HOW & WHEN DID AFRICAN-AMERICAN WOMEN GET INVOLVED IN SUFFRAGE?
In the Autumn of
1916, four years before The 19th
Amendment passed, African-American
women, in Chicago, were preparing to
cast their first, ever votes for President. The scenes in that year, of Black
women, many of whom were the daughters and granddaughters of former slaves,
exercising their right to vote, was simultaneously, not a big deal and a BIG deal. Theirs was a unique brand of
politics juxtaposed against both racism and sexism. African-American women had always had to make their own way, in
order to survive and thrive. In Chicago,
they secured a place at the polls by way of newly enacted Illinois state laws
that, over a ‘messy’ 25 years, extended the vote to all women in the state, regardless
of their race.
Their story actually begins in an unexpected (at the time)
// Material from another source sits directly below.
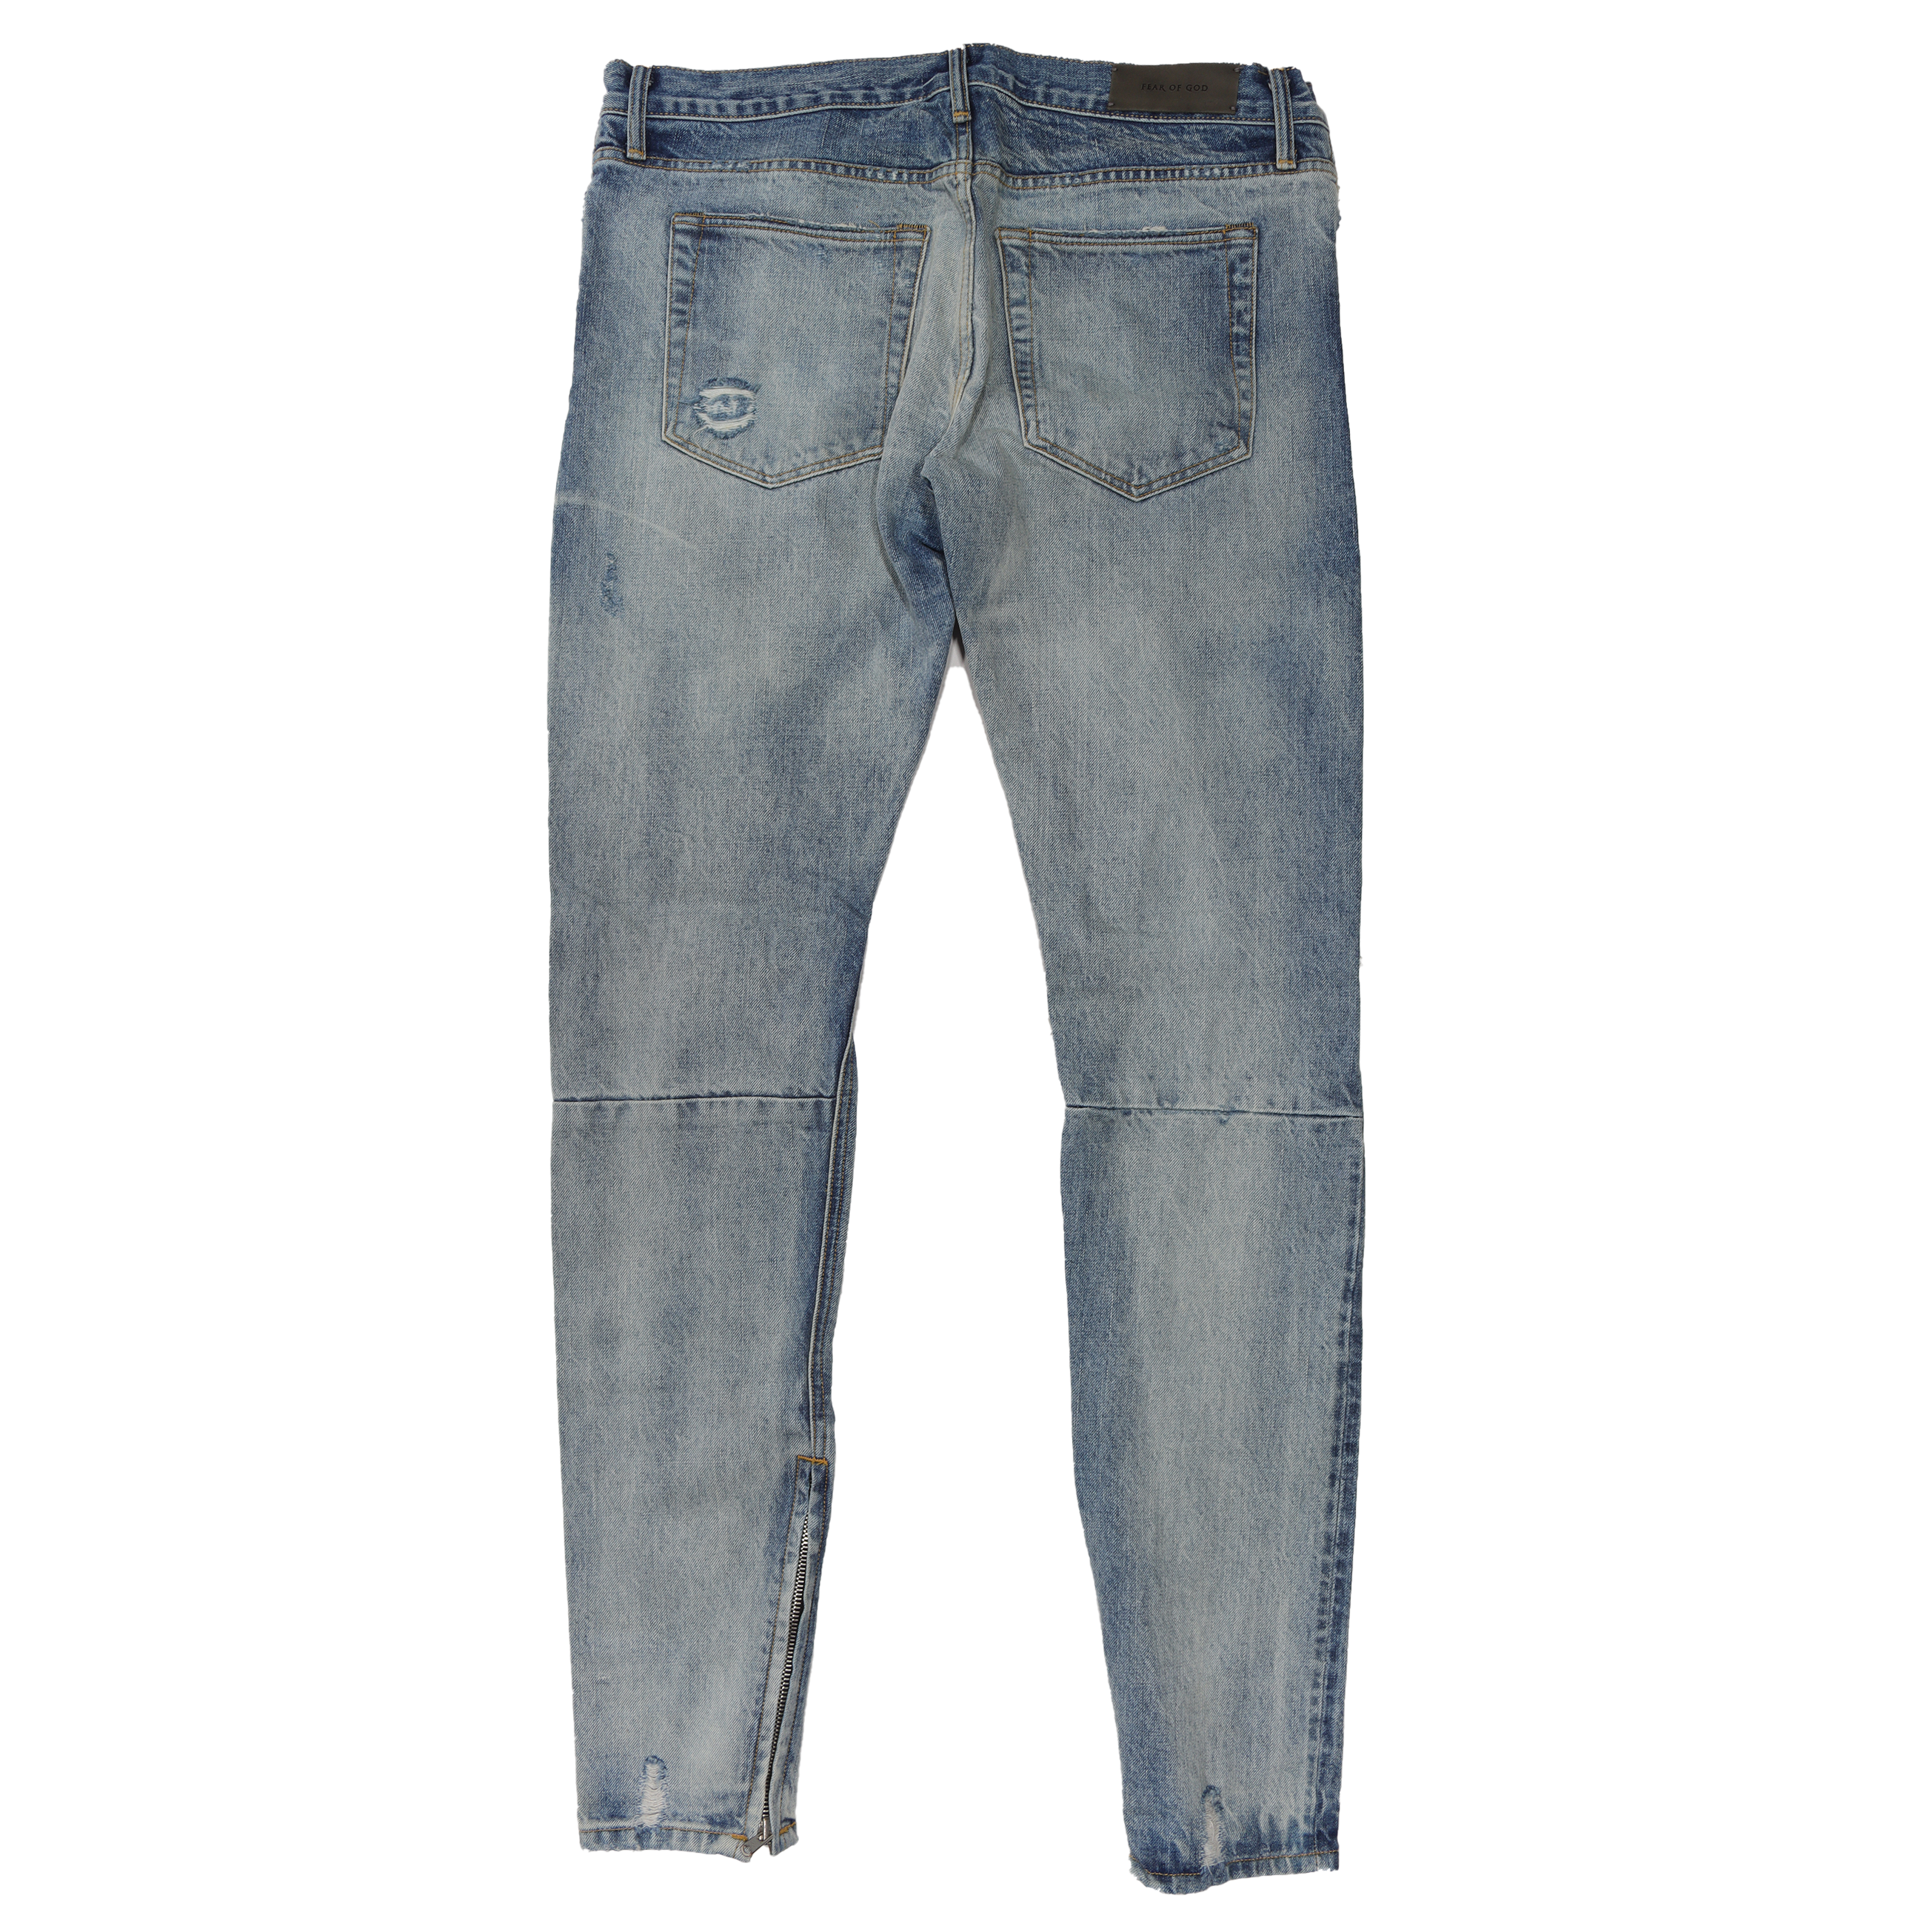 Fourth Collection Selvedge Distressed Denim

place for Suffrage — the church. For Black women, church communities were
central to providing a haven for developing their sense of rights and how to
get organized for activism. No one understood this better than Julia Foote,
who became a preacher in the African
Methodist Episcopal (A.M.E.) Church, at the age of 18, in 1841. By the
1840s, Julia was a leader in a churchwomen’s movement, which demanded that
they, like men, should be entitled to occupy pulpits and interpret the
scriptures. In 1848, these women claimed triumph, when A.M.E. churchwomen won the right to preaching licenses. Black
churches would never be the same. That year launched a decades-long campaign in
which women lobbied for religious power, including: holding office, having
voting rights, and being able to control the funds that they raised for the
church.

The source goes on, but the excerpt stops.